Individual Differences in CD4/CD8 T-Cell Ratio Trajectories and Associated Risk Profiles Modeled From Acute HIV Infection

Robert Paul, Kyu Cho, Jacob Bolzenius, Carlo Sacdalan, Lishomwa C Ndhlovu, Lydie Trautmann, Shelly Krebs, Somporn Tipsuk, Trevor A Crowell, Duanghathai Suttichom, Donn J Colby, Thomas A Premeaux, Nittaya Phanuphak, Phillip Chan, Eugène Kroon, Sandhya Vasan, Denise Hsu, Adam Carrico, Victor Valcour, Jintanat Ananworanich, Merlin L Robb, Julie A Ake, Somchai Sriplienchan, Serena Spudich, RV254/SEARCH 010 Study Team, Robert Paul, Kyu Cho, Jacob Bolzenius, Carlo Sacdalan, Lishomwa C Ndhlovu, Lydie Trautmann, Shelly Krebs, Somporn Tipsuk, Trevor A Crowell, Duanghathai Suttichom, Donn J Colby, Thomas A Premeaux, Nittaya Phanuphak, Phillip Chan, Eugène Kroon, Sandhya Vasan, Denise Hsu, Adam Carrico, Victor Valcour, Jintanat Ananworanich, Merlin L Robb, Julie A Ake, Somchai Sriplienchan, Serena Spudich, RV254/SEARCH 010 Study Team

Abstract

Objective: We examined individual differences in CD4/CD8 T-cell ratio trajectories and associated risk profiles from acute HIV infection (AHI) through 144 weeks of antiretroviral therapy (ART) using a data-driven approach.

Methods: A total of 483 AHI participants began ART during Fiebig I-V and completed follow-up evaluations for 144 weeks. CD4+, CD8+, and CD4/CD8 T-cell ratio trajectories were defined followed by analyses to identify associated risk variables.

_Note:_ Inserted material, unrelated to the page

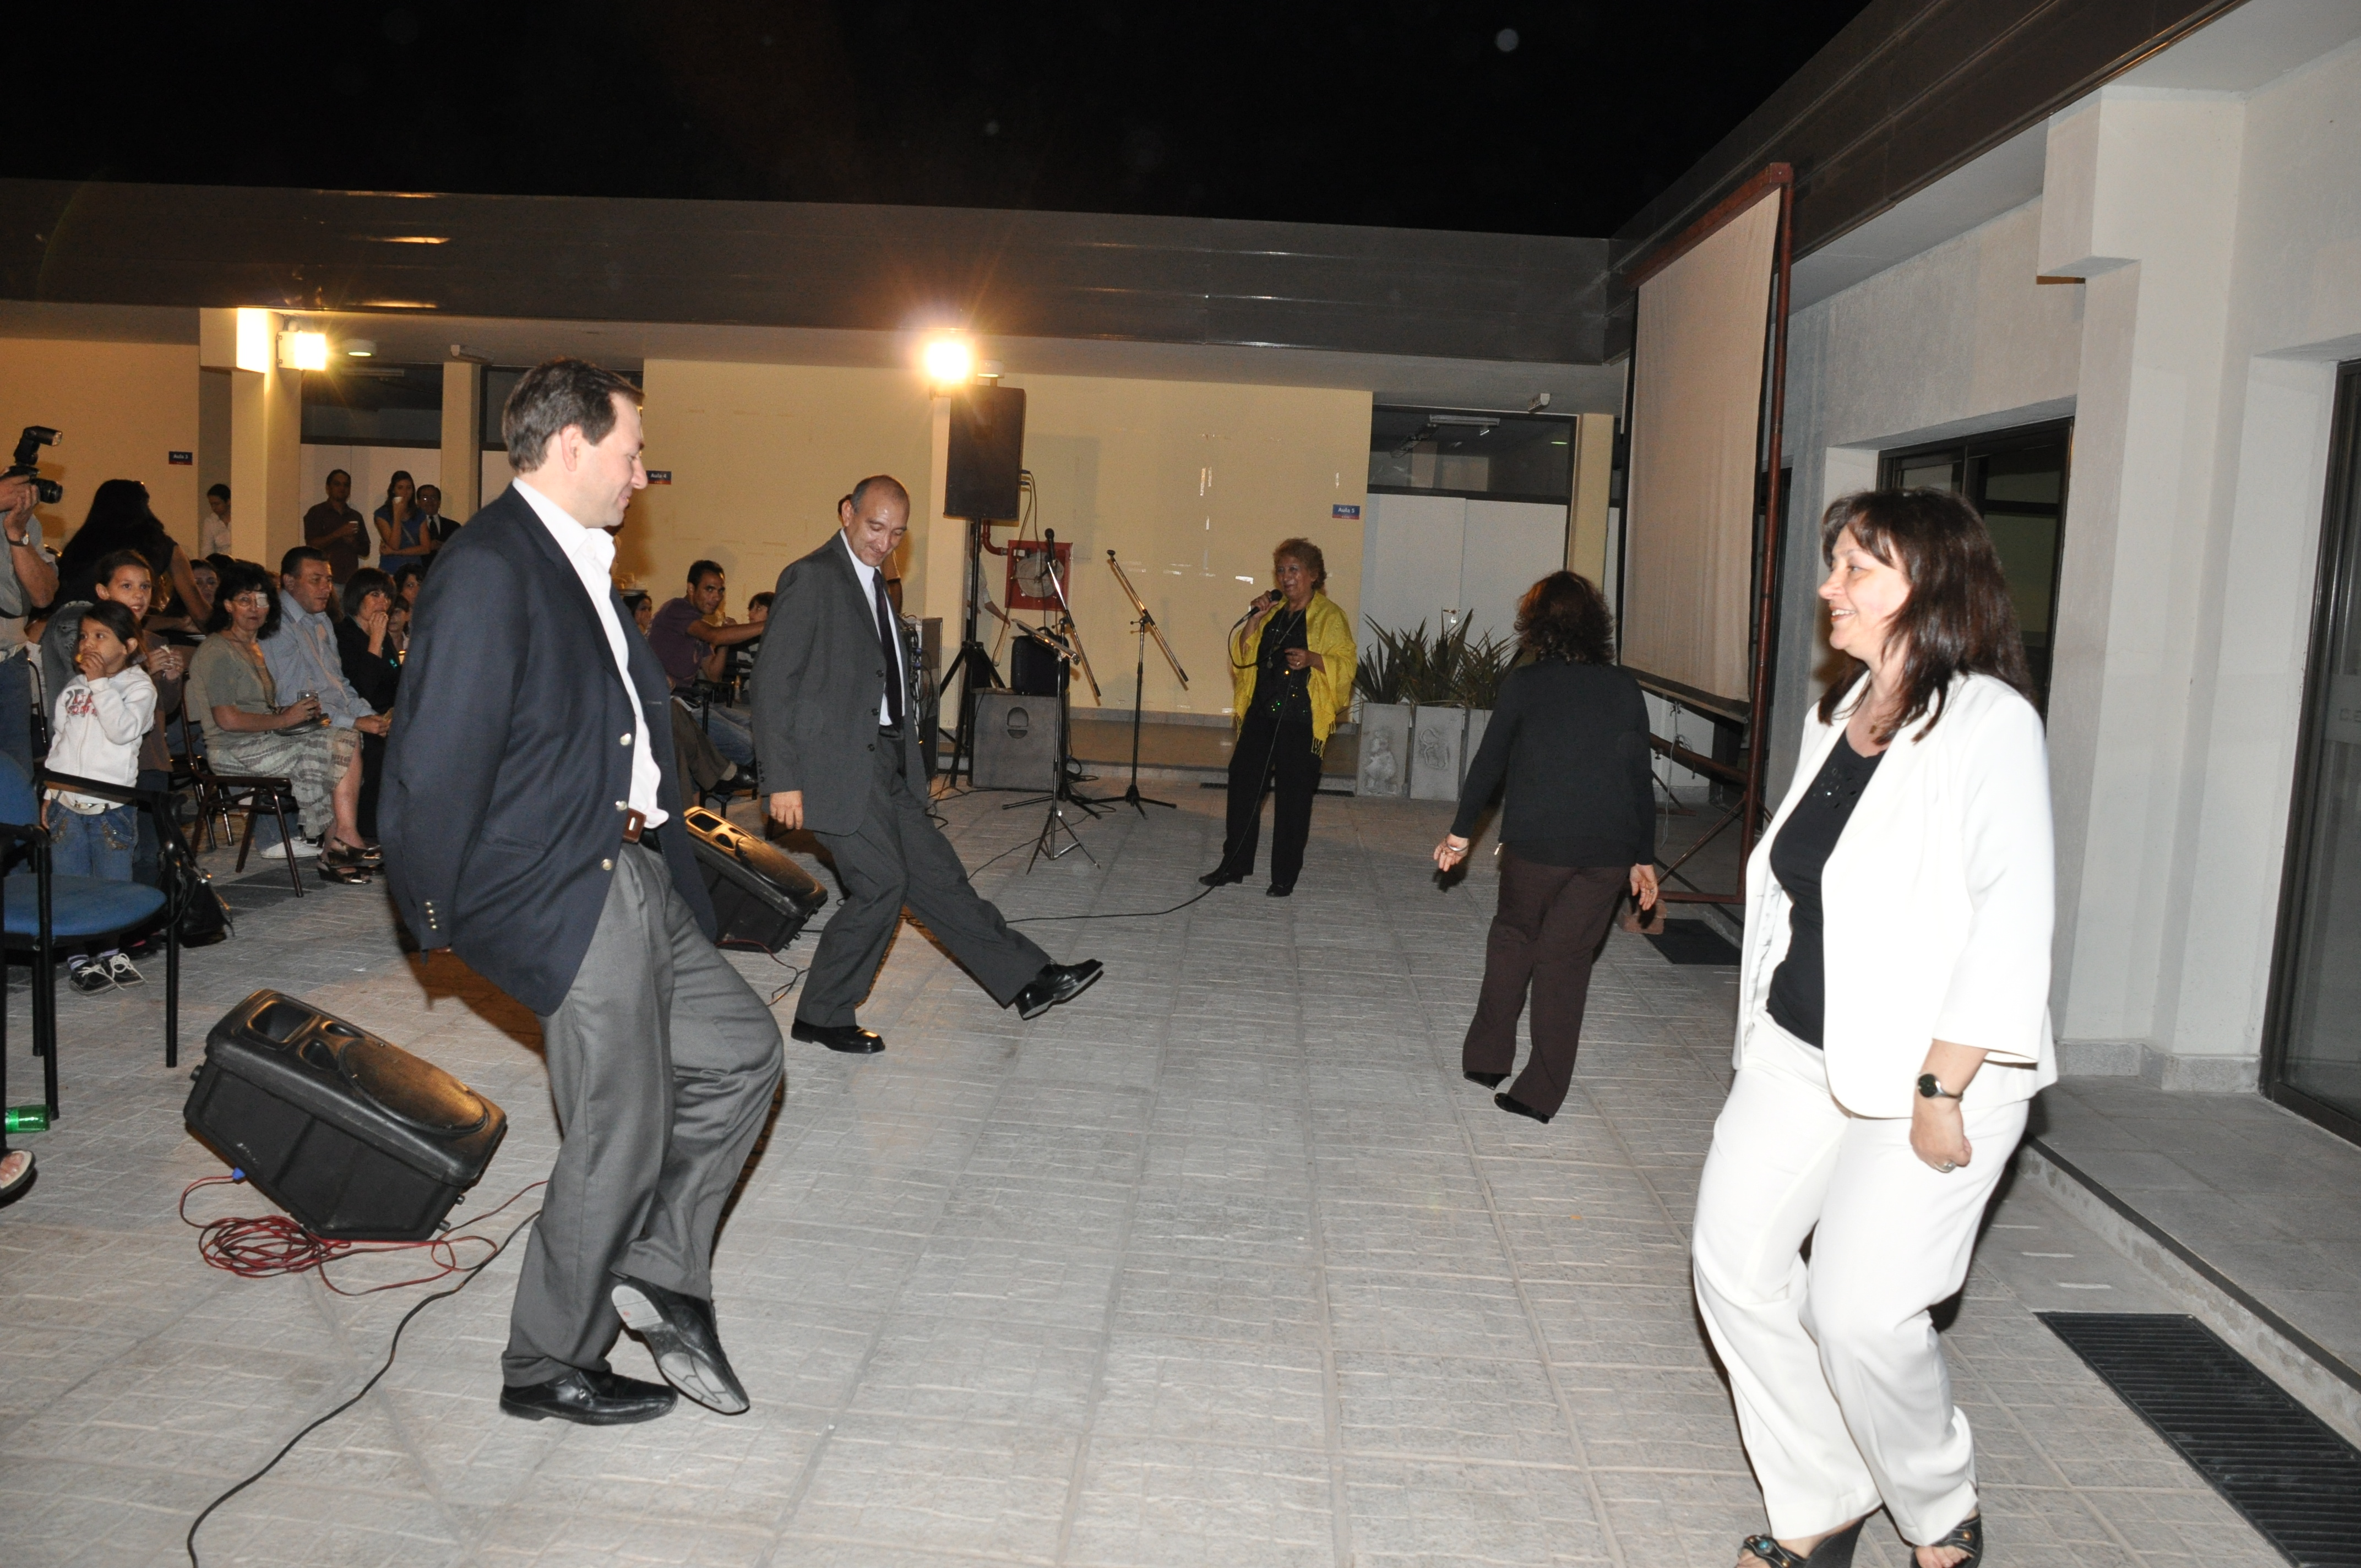 El Sr. Intendente y el Sr. Rector bailando chacarera en la inauguración del IES
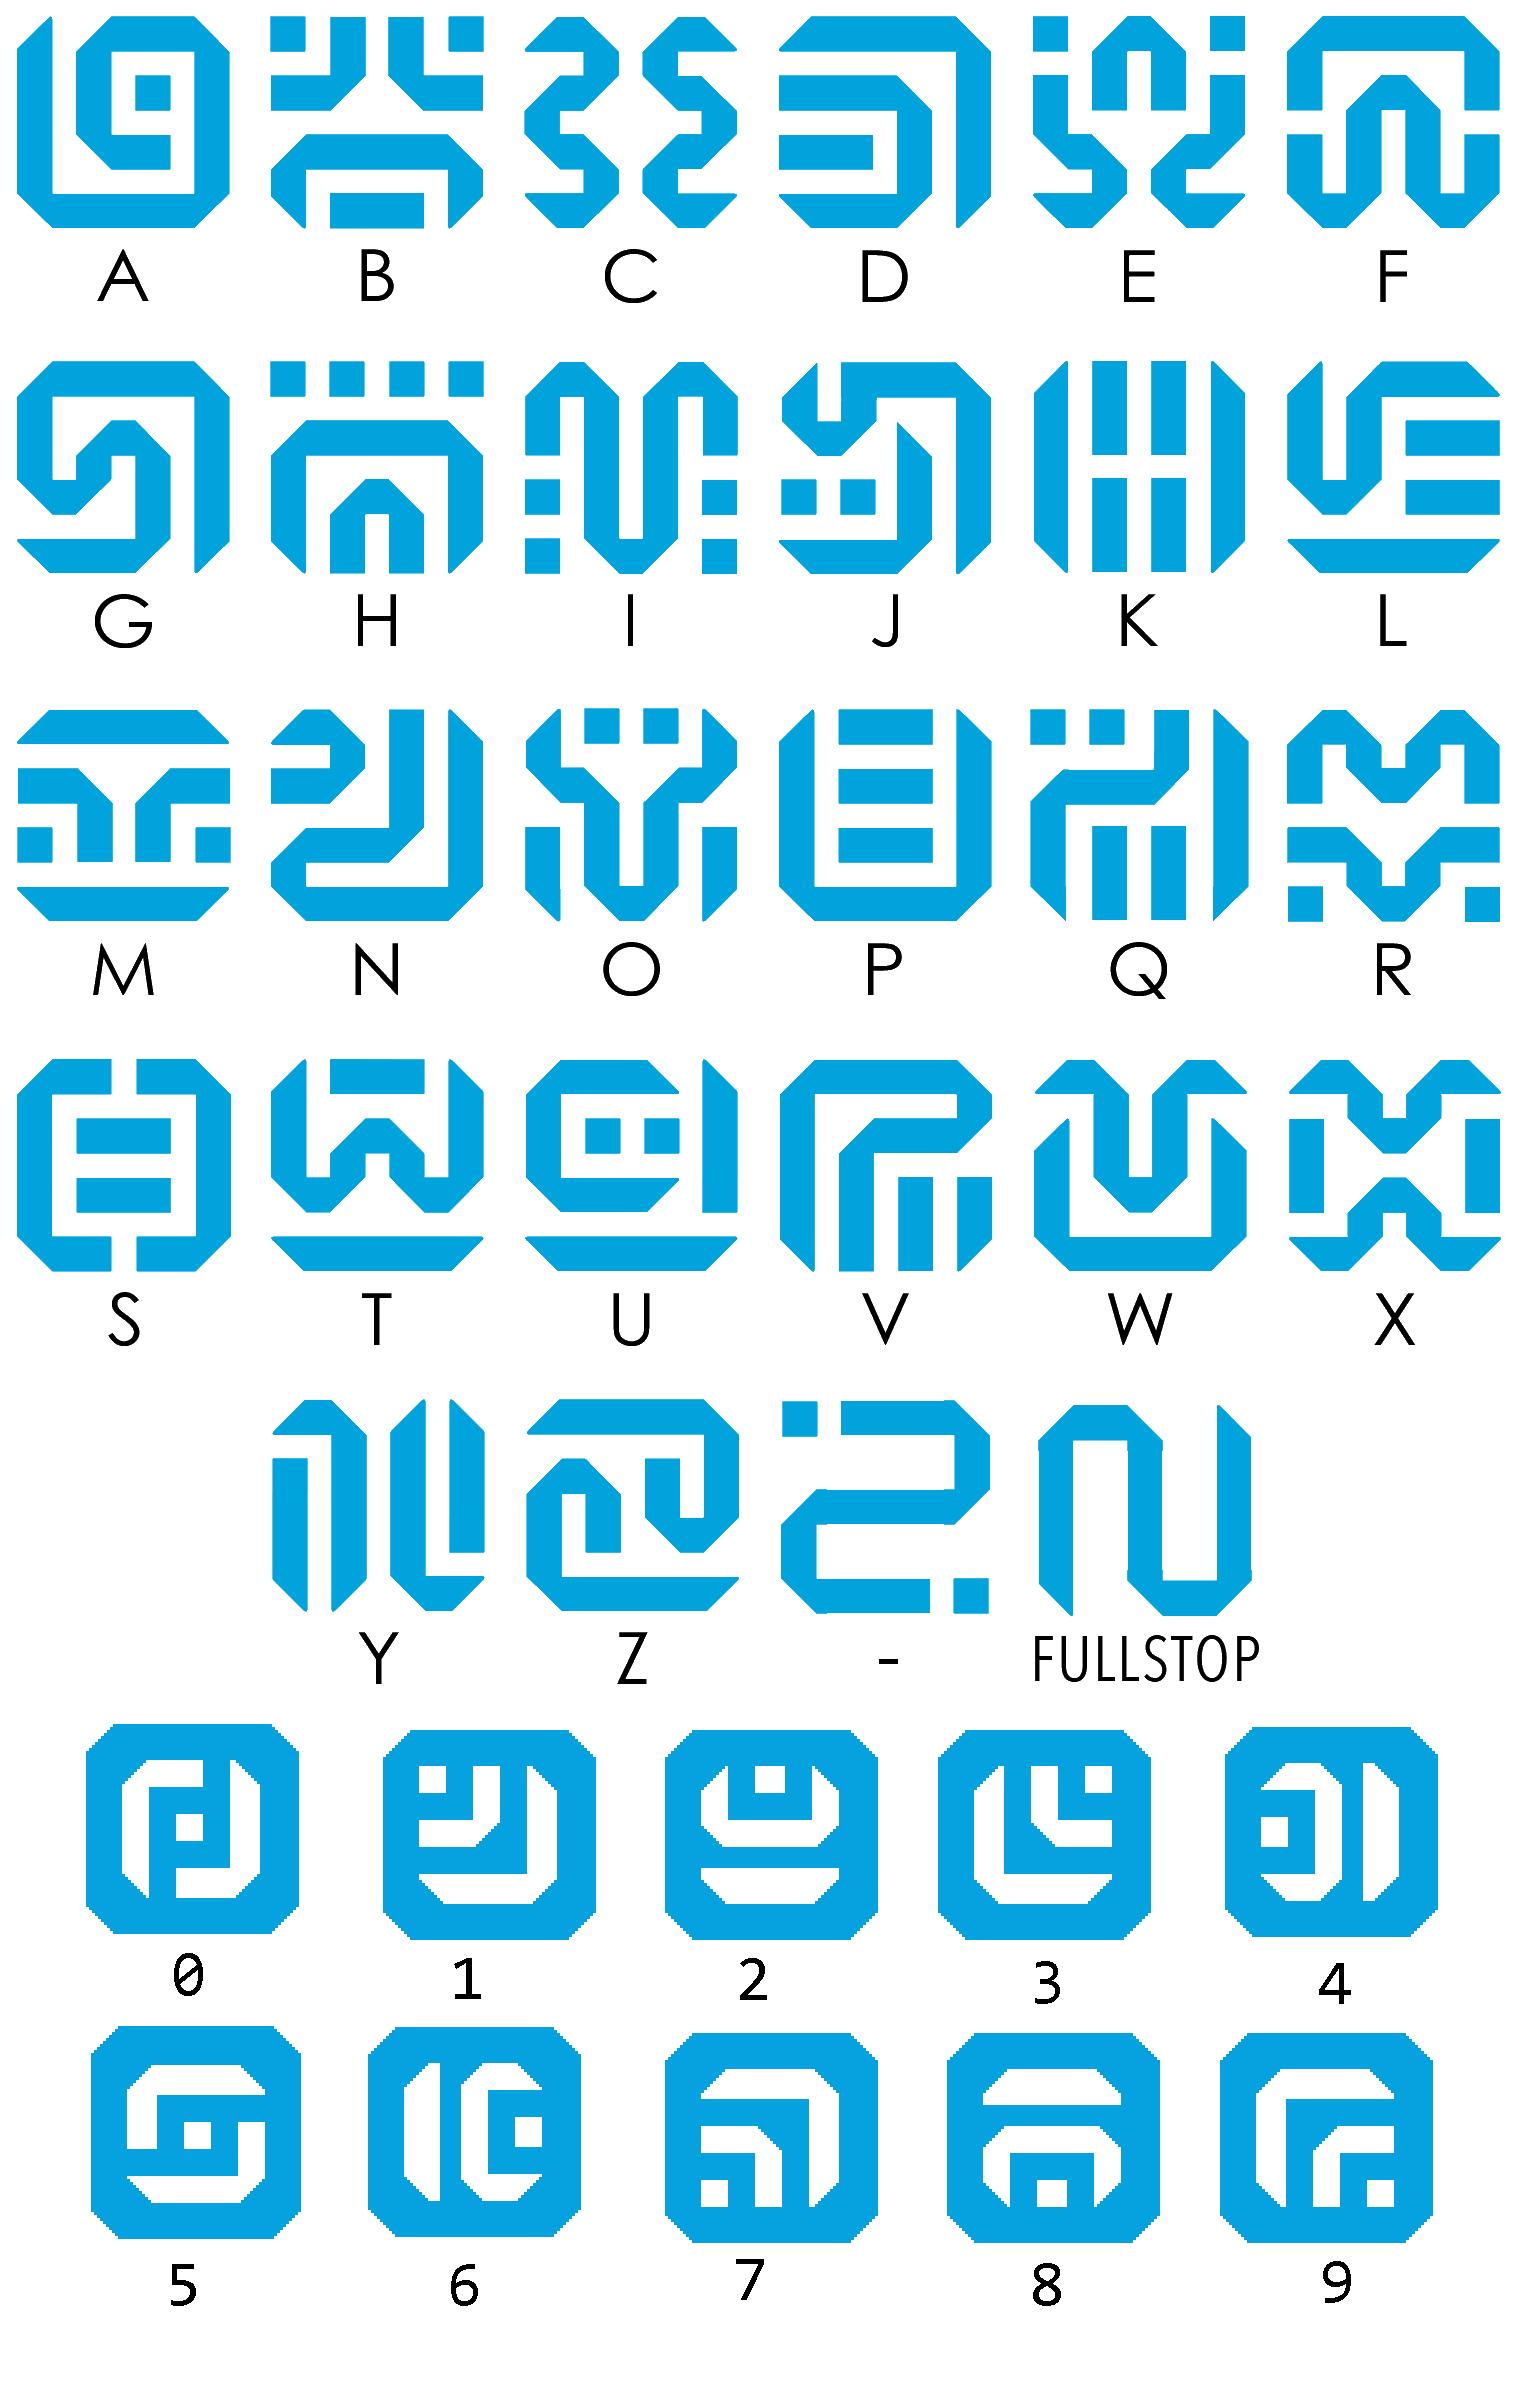 Botw Hylian Language Png 1516 2400 Alfabeto De Linguagem Gestual Ideias De Letras Fontes De Letras Diferentes [ 2400 x 1516 Pixel ]

Results: Participants had a median viral load (VL) of 5.88 copies/ml and CD4/CD8 T-cell ratio of 0.71 at enrollment. After 144 weeks of ART, the median CD4/CD8 T-cell ratio was 1.3. Longitudinal models revealed five CD4/CD8 T-cell ratio subgroups: group 1 (3%) exhibited a ratio >1.0 at all visits; groups 2 (18%) and 3 (29%) exhibited inversion at enrollment, with normalization 4 and 12 weeks after ART, respectively; and groups 4 (31%) and 5 (18%) experienced CD4/CD8 T-cell ratio inversion due to slow CD4+ T-cell recovery (group 4) or high CD8+ T-cell count (group 5). Persistent inversion corresponded to ART onset after Fiebig II, higher VL, soluble CD27 and TIM-3, and lower eosinophil count. Individuals with slow CD4+ T-cell recovery exhibited higher VL, lower white blood cell count, lower basophil percent, and treatment with standard ART, as well as worse mental health and cognition, compared with individuals with high CD8+ T-cell count.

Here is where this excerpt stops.